Analysis: Let the battle begin - a quest for Rabbi Yosef's successor

Who will keep Shas united now that Rabbi Ovadia Yosef is gone?

Eli Yishai, Rabbi Ovadia Yosef and Arye Deri 521 (photo credit: Marc Israel Sellem)
Eli Yishai, Rabbi Ovadia Yosef and Arye Deri 521
(photo credit: Marc Israel Sellem)
Three years ago, when Rabbi Ovadia Yosef turned 90, The Jerusalem Post printed a column on what would happen when he dies.
Shas officials interviewed for the column would only say that he would live until 120 like Moses.

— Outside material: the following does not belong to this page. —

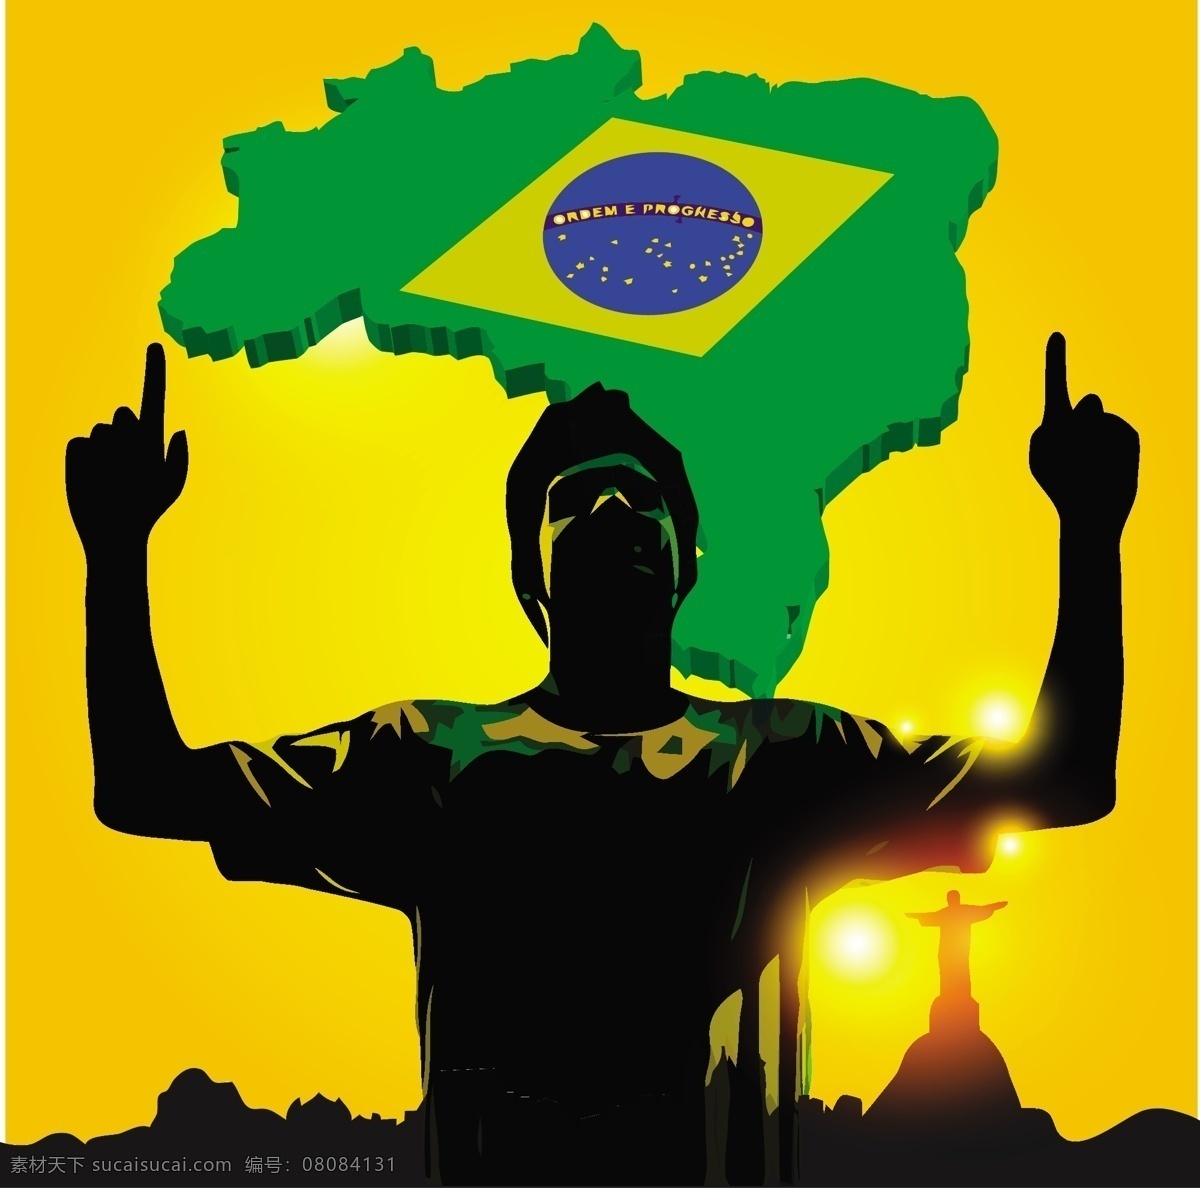 足球 运动员 巴西 地图 模板下载 巴西地图 巴西国旗 球员 世界杯 足球赛事 足球比赛 体育运动 生活百科 矢量素材 黄色

The comparison did not work, not only because the rabbi was destined to die earlier, but also because Moses made a point of appointing a successor in Joshua while Yosef has left behind utter chaos.
Only when the Shas officials made sure they were completely off record, and only after looking over their shoulder a couple times to make sure no one was listening, did they point to Rabbi Ovadia’s successor: Rabbi Ovadia – or rather the rabbi’s picture on the wall.
The Shas officials remarked that the Lubavitcher Rebbe also was replaced by a picture on the wall and that Chabad has expanded by leaps and bounds since the rebbe’s departure.
The officials said they expected the traditional Sephardi masses who voted for Shas because of their respect for Rabbi Ovadia to continue to do so after his death.
But that was three years ago, before Shas was scarred by battles between Arye Deri and Eli Yishai and attempts by Haim Amsalem and Amnon Yitzhak to form rival parties. Now that the only thing holding Shas together is buried in the ground, keeping the party united may be an impossible task.
Yishai could take revenge against Deri by persuading five MKs to break off from Shas with him. That would legally enable him to take Shas’s name away.
Such a scenario is unlikely to take place immediately but it could happen ahead of the next general election or perhaps earlier if Prime Minister Binyamin Netanyahu decides to withdraw from parts of Judea and Samaria.
Deri steered the party in a dovish direction the first time he led the party, after which Yishai pushed it rightward. Deri could decide to keep it right-wing in an effort to maintain its base, but that’s not what he has indicated he wants to do.
In an interview with the Post in January, Deri said Shas was not nationalist and that Yosef would back a longterm interim agreement with the Palestinians. As leader of the party, it is Deri’s right to decide what Yosef’s legacy is and implement it.
He could decide that a central part of the legacy is Yosef’s ruling that land could be relinquished for a lasting peace. Angry at Bayit Yehudi for conspiring to leave Shas out of the government, Deri could take revenge by instructing his MKs to support withdrawing from the land of Bennett’s constituency, the settlers.
Shas’s orientation on diplomatic talks might not be the only change.
Deri has made no secret that he did not want the party he heads to be a religious party anymore. He wants a party with religious and secular people together to focus on helping poor sectors and bridging the socioeconomic gaps in society.
Deri has come out in favor of electoral reforms that Yosef vetoed in the past. He could end up boosting such reforms indirectly.
If Deri fails to keep the support of the two-thirds of the party’s voters who are not ultra-Orthodox, the Likud will be strengthened and Israel could go back to having two main large parties.
But that will only happen if the hundreds of thousands of Yosef supporters who came to his funeral Monday turn their back on the picture on the wall.